Target utama serangan siber tersebut adalah perangkat lunak MUSE, sebuah sistem check-in dan boarding yang dikembangkan oleh Collins Aerospace dan digunakan luas di berbagai bandara global. Menanggapi insiden ini, RTX (RTX.N), perusahaan induk Collins Aerospace, mengonfirmasi telah menerima laporan gangguan siber pada perangkat lunak mereka di beberapa bandara. Mereka menyatakan, “Dampaknya terbatas pada proses check-in elektronik dan penyerahan bagasi otomatis pelanggan, yang dapat diatasi melalui operasi check-in manual,” demikian pernyataan RTX seperti dikutip dari Reuters pada Minggu (21/9).
Dampak dari insiden ini meluas ke beberapa bandara utama di Eropa. Di antara yang terdampak adalah Bandara Heathrow di London, salah satu pusat penerbangan tersibuk di dunia, serta Bandara Brussels, Bandara Berlin, Bandara Dublin, dan Bandara Cork.
Gangguan operasional ini memicu pembatalan yang signifikan. Hingga pukul 11.30 GMT, sebanyak 29 penerbangan, baik keberangkatan maupun kedatangan, telah dibatalkan di Heathrow, Berlin, dan Brussels. Jumlah ini cukup mengkhawatirkan mengingat total jadwal keberangkatan yang padat: 651 dari Heathrow, 228 dari Brussels, dan 226 dari Berlin. Khusus di Bandara Brussels, pejabat melaporkan adanya empat pengalihan penerbangan dan penundaan yang meluas untuk sebagian besar keberangkatan. Untuk mengelola situasi dan mencegah antrean panjang serta pembatalan yang terlambat, Bandara Brussels bahkan meminta maskapai untuk membatalkan separuh jadwal keberangkatan penerbangan mereka pada hari tersebut.
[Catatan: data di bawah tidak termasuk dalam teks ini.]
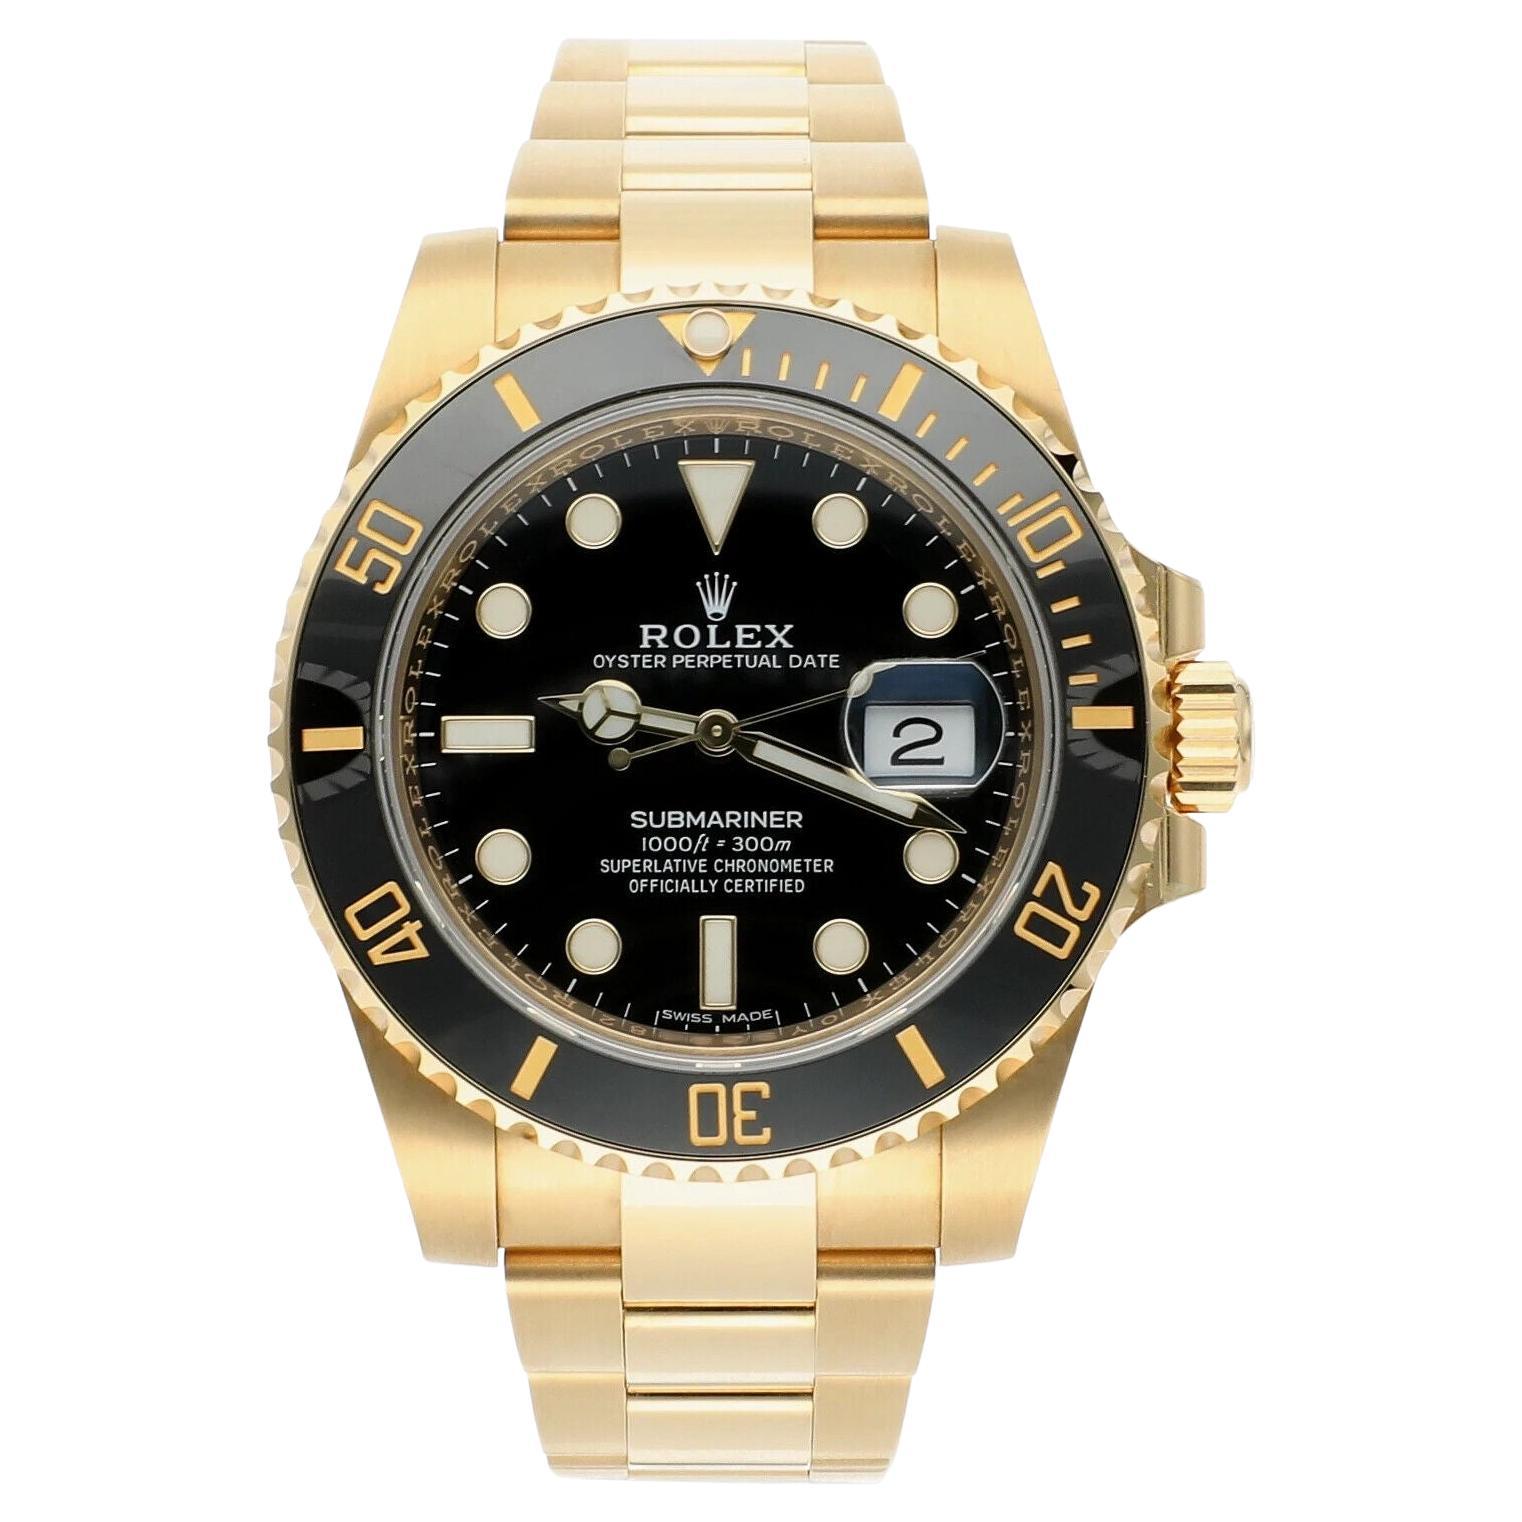 Rolex Submariner Date Ceramic Bezel Yellow Gold Black 116618LN Men's Watch
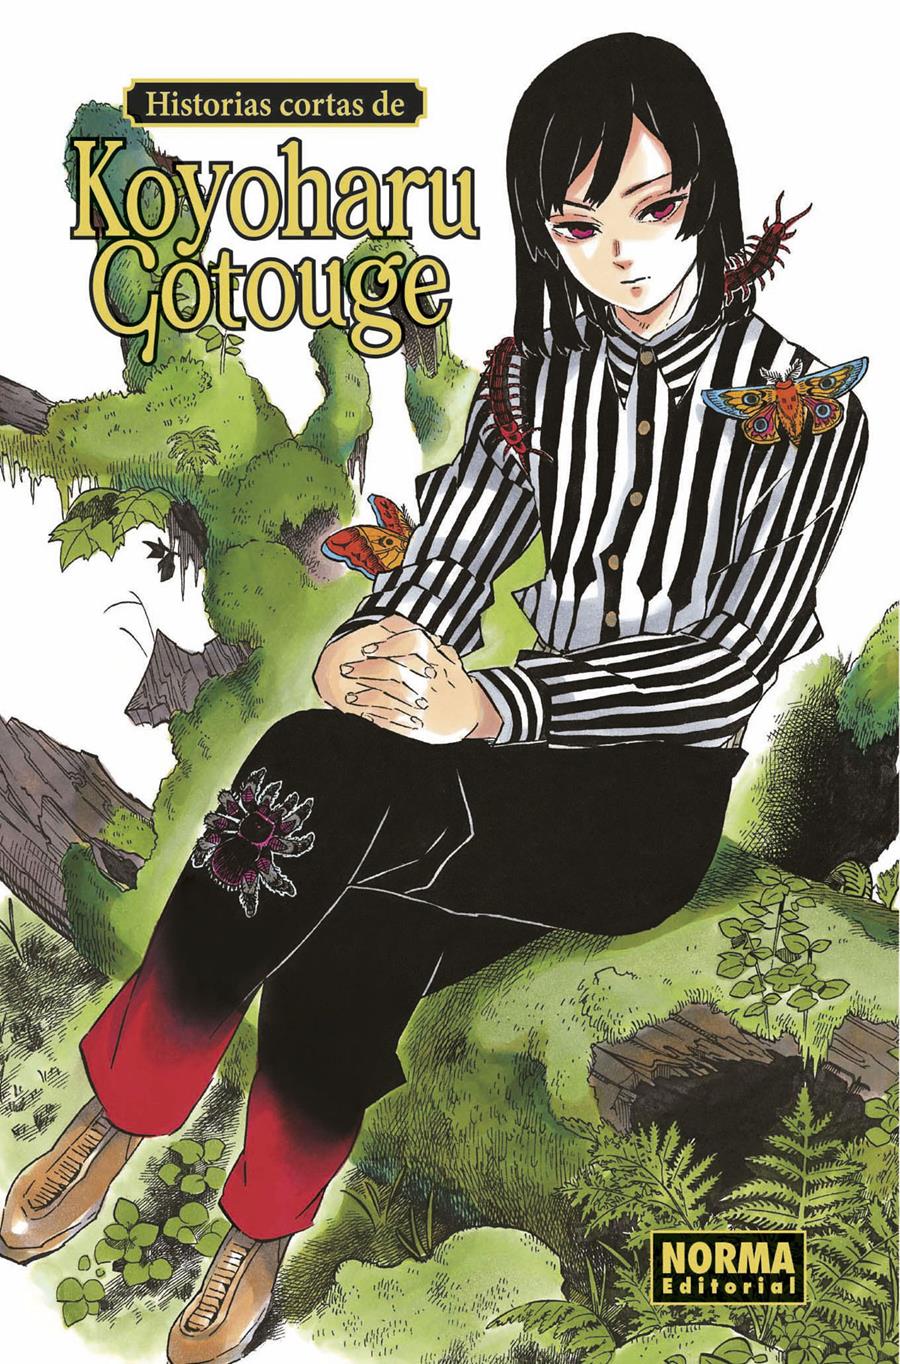 Historias de Koyoharu Gotouge | N1020-NOR34 | Koyoharu Gotouge | Terra de Còmic - Tu tienda de cómics online especializada en cómics, manga y merchandising

Sementara itu, Komisi Eropa masih terus melakukan penyelidikan mendalam untuk mengidentifikasi pemicu di balik serangan siber ini. Insiden serupa bukan kali pertama terjadi, mengingatkan pada serangan siber yang sebelumnya melumpuhkan perusahaan mobil mewah Jaguar Land Rover, yang bahkan memaksa penghentian sementara produksi mereka.